Cette rencontre non programmée l'avait secoué, il s'interrogeait. Qui suis-je ? Qu'est-ce que j'ai fait de bien dans cette vie ? Remonter la pente lui paraissait impossible alors qu'il devait lutter pour ne pas tomber plus bas. Mais y a-t-il un haut et un bas ? Haute question philosophique. Il s'était occupé de sa mère vieillissante, avait conservé le château pour elle. Il s'en rendait compte maintenant : il fallait vendre le château qui coûtait cher à l'entretien et conserver les terres ; aujourd'hui celles situées en bordure de la route avaient été revendues comme terrains à bâtir avec une substantielle plus-value, seulement pas pour lui. On ne connaît l'erreur de nos choix qu'une fois ceux-ci faits, n'est-ce pas ?

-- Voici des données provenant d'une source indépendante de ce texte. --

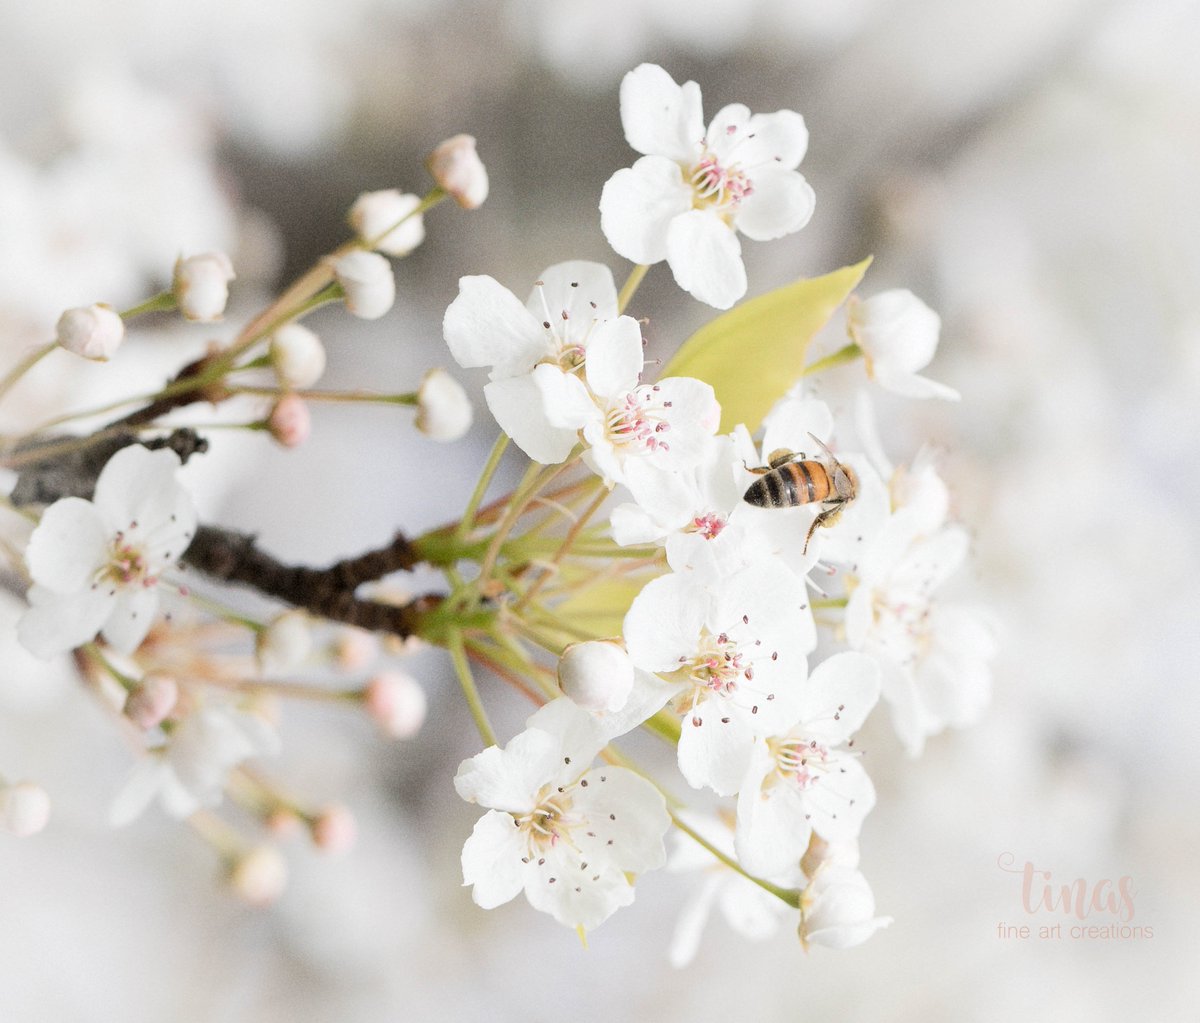 Signs of Spring.. #bees  #pollinators #pollinatorsareimportant #Flowers #tree #naturelovers #art #fineartphotography #artistsontwitter

Il était seul. La solitude commençait à lui peser, un vague sentiment d'abandon, un flou comme une brume semblait l'entourer, des fantômes habitaient ses pensées, voilaient la lune en cette chaude soirée d'été mais lourde d'échecs, de tristes cogitations, de préoccupations qu'il aurait méprisées autrefois. Il se demandait sérieusement si ses expéditions nocturnes, rares heureusement, ne finiraient pas mal. N'allait-on pas le découvrir, le questionner ? Il faudrait qu'il ait le courage d'y mettre fin, de renoncer à ces grands crus, délectables, corsés, chauds, moelleux au palais et qu'il ne pouvait plus s'offrir. Alors, il se servait, avec discrétion, mais peut-être pas avec assez de parcimonie. Il s'était laissé entraîné vers le toujours plus, et le toujours moins de précautions.